马皇后看着他激动得恨不得跳起来的样子,忍不住笑了:“重八,又不是你的孩子,你这么激动做什么?”
“咱替他们高兴!”老朱理直气壮,“等了这么久,终于生了!母子平安!这比打胜仗还高兴!”
天幕上,刘彻抱着孩子走进产房,让李知薇看孩子的画面,让马皇后的眼眶也红了:“那一瞬间,她一定觉得所有的辛苦都值得了。”
老朱看着天幕,难得温柔地说:“妹子,咱记得你生朱标的时候,咱也是这样的心情。”
马皇后伸手握住了他的手。
甘泉宫的清晨,阳光从窗棂间漏进来,落在榻上那一大一小的身影上。
李知薇侧躺着,看着身边的那个小小的襁褓。刘髆睡着了,呼吸轻柔而均匀,小嘴偶尔咂巴两下,像是在梦里喝奶。他的皮肤比刚出生时红润了一些,五官渐渐舒展,能看到刘彻的轮廓,也能看到她的影子。

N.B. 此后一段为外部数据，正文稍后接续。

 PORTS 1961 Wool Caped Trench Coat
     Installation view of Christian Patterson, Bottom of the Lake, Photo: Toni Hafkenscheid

刘彻坐在榻边,一只手覆在妻子背上,一只手轻轻搭在儿子的襁褓上。他没有说话,只是安静地看着他们,像是在看一件失而复得的珍宝。
“他长得像你。”李知薇轻声说。
“嘴巴像你。”刘彻低头看了看,“鼻子也像你。”
“眉毛像你。”
“眼睛还没睁开呢,你就知道像谁了?”
“臣妾知道。”李知薇笑了,“他一定是最好看的孩子。因为他有最好看的父皇和母妃。”
刘彻俯下身,在她额头上亲了一口,又在儿子的小额头上亲了一口:“朕这辈子,值了。”
窗外,春光初现。甘泉宫的冬天终于过去了,春天正在一步一步地走来。而一个新的生命,刚刚开始了他的旅程。